Welcome to March. I have less than a month before Blythe’s birthday. I cannot believe my daughter, my baby is going to be 15. Time sure has a way of passing whether you are paying attention or not. Here are my thoughts for today.
I am finding every day that there is so much to be amazed at. I think my heart is truly opening to all the wonderful things out there in the Universe. The feeling of being amazed by something every day is a wonderful feeling.
As I am opening up to the possiblitites my connection with Giselle is getting stronger. I can’t even find the words to express the feelings and the accepting of what is going on. Things are being shown to me and I am finally smart enough to see them.
It is truly beautiful and magical.
Well we made it to the end of February. This has been a weird month for me. It certainly seemed to fly by. We had snow, and quite a bit of it, in Tucson which we are not used to. This photo cracks me up. It should state in Tucson, not Arizona but it makes me giggle.
The other day while Blythe and I were stating what we were grateful for, she actually said she was grateful for sports. It was the first time she stated she was grateful for something that she doesn’t like. I was amazed. Each day I see her getting more into this and I am so thrilled.
Well it looks like it is just about official, Alex Smith is being traded to the Cheifs. I am not a Smith fan but I have to admit that the guy has class. They way he handled all of his time in San Francisco especially losing his starting position mid way through the year last year, is amazing.
Today’s post is going to be a little different. You see, last week was a terrible week at work. I called it “piss on Cheryl” week. My boss was was very hard on me and blaming me for a variety of issues of which maybe 20% were actually my fault. Needless to say it wore me down.
Friday and Saturday I tried to just let it all go but it all seeped in and by Sunday the darkness had taken a hold of me and I lost the will to fight and took the easy road and gave in to it. I spent the next four days in bed.

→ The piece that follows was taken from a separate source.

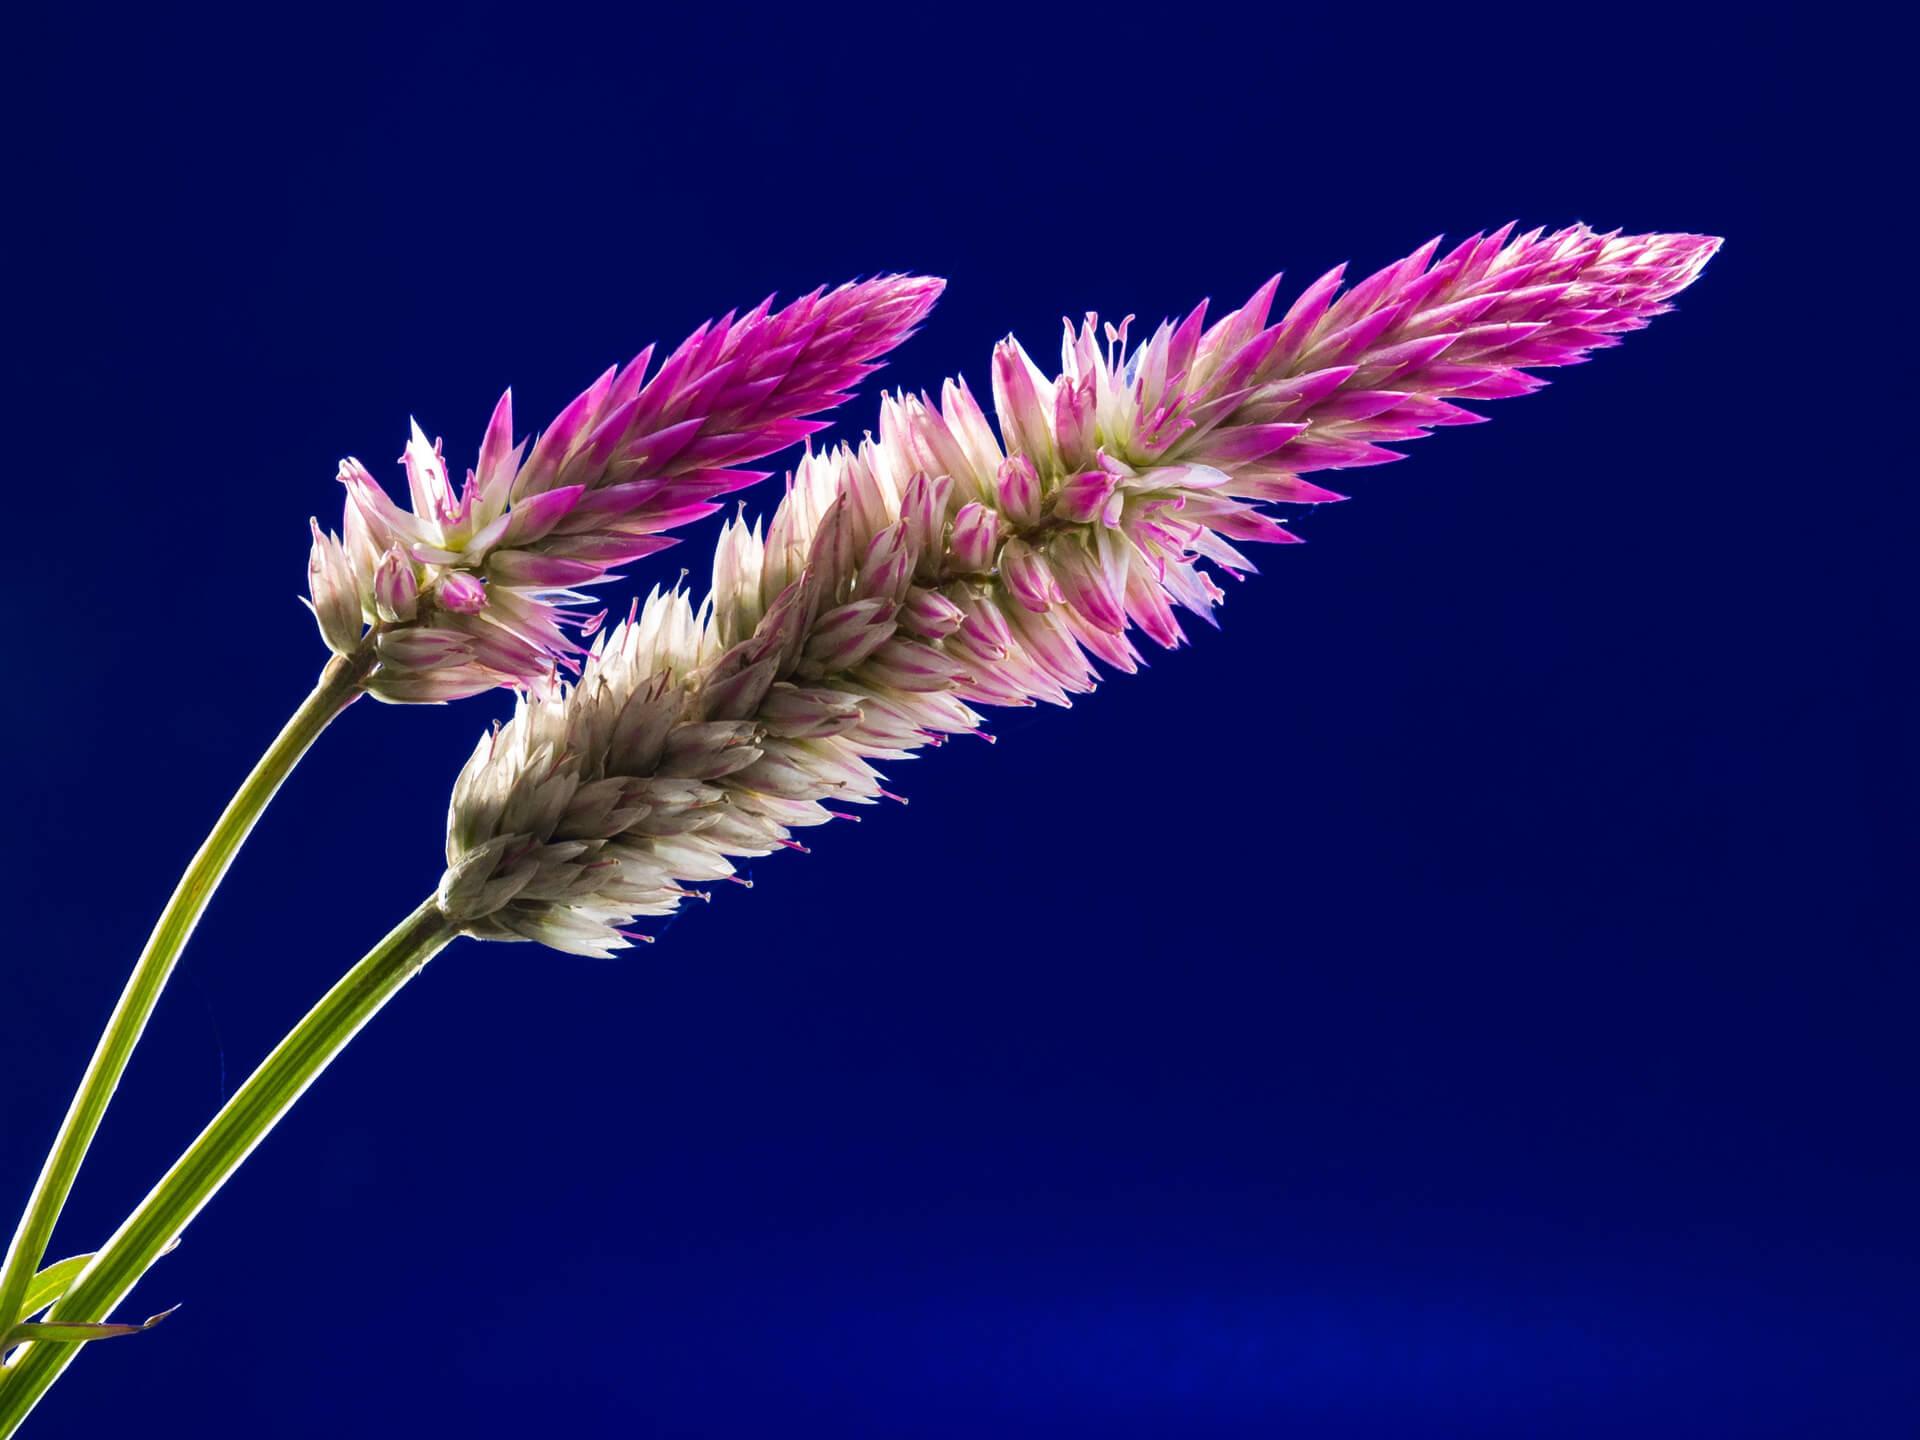 Hoa 2 màu trắng và tím

My spirit was down which lowered all my defenses which in turn allowed the illness in and fever finally took over. Monday and Tuesday I did manage to get up and take my daughter to school but come Wednesday when the fever was at its peak I told my daughter that I could not drive her.
I slept alot and watched a lot of brainless movies but I did not do a lot of thinking. Looking back now I guess I didn’t just do brainless. I did watch a couple of my spiritual movies, you know the ones I watch when I am down. I guess I knew this was more spiritual than I admitted at the time.
Happy Valentines Day to all! I am actually not one who really celebrates this day. For me it is more important to celebrate and show Love every day so that is what I try to do. I guess I don’t want to be in the mindset of – as long as I celebrate this one particular day I am good -. To each their own, though, so if you like celebrating this day then have at it and enjoy. Now on to today’s thoughts.
I have been blessed lately to have some simple things occur in my life that just make me happy. For me it is the simple things that truly touch my heart. The simple gesture, the simple picture, the simple words, the simple look, all the simple things. I have been noticing lately that these simple things are touching my heart more and more.
Welcome to February. One month of 2013 down and 11 more to go. I have good thoughts about 2013 and am looking forward to all that will transpire this year. Lots of changes to come, I know, but I am open and willing to accept all that is thrown my way. My first big heartbreak this year has come since the Niners lost the Superbowl. That’s all I will say about that. Now on to today’s thoughts.
Taking away the Superbowl, I had a terrific time up in the Grand Canyon. It was cold, there was snow on the ground and it snowed Sunday morning, which I thought was pretty cool even though I was the only one. I was picked on all weekend for being cold, but it was all in good fun.
It was so great being able to spend some time with Diana and meeting her friends. One of the best things was when Diana was showing me around her work. It was so cool to have my very own personal tour guide. Of course the scenery was beautiful. The Canyon is simply a sight to see and so spiritual.
Diana and I had some wonderful conversations especially on the drive back to Flagstaff on Monday. I had been having some issues and she was so terrific at helping me understand it all and look at things differently. I said this before and I will say it again, Sometimes talking to your best friend is just what the doctor ordered.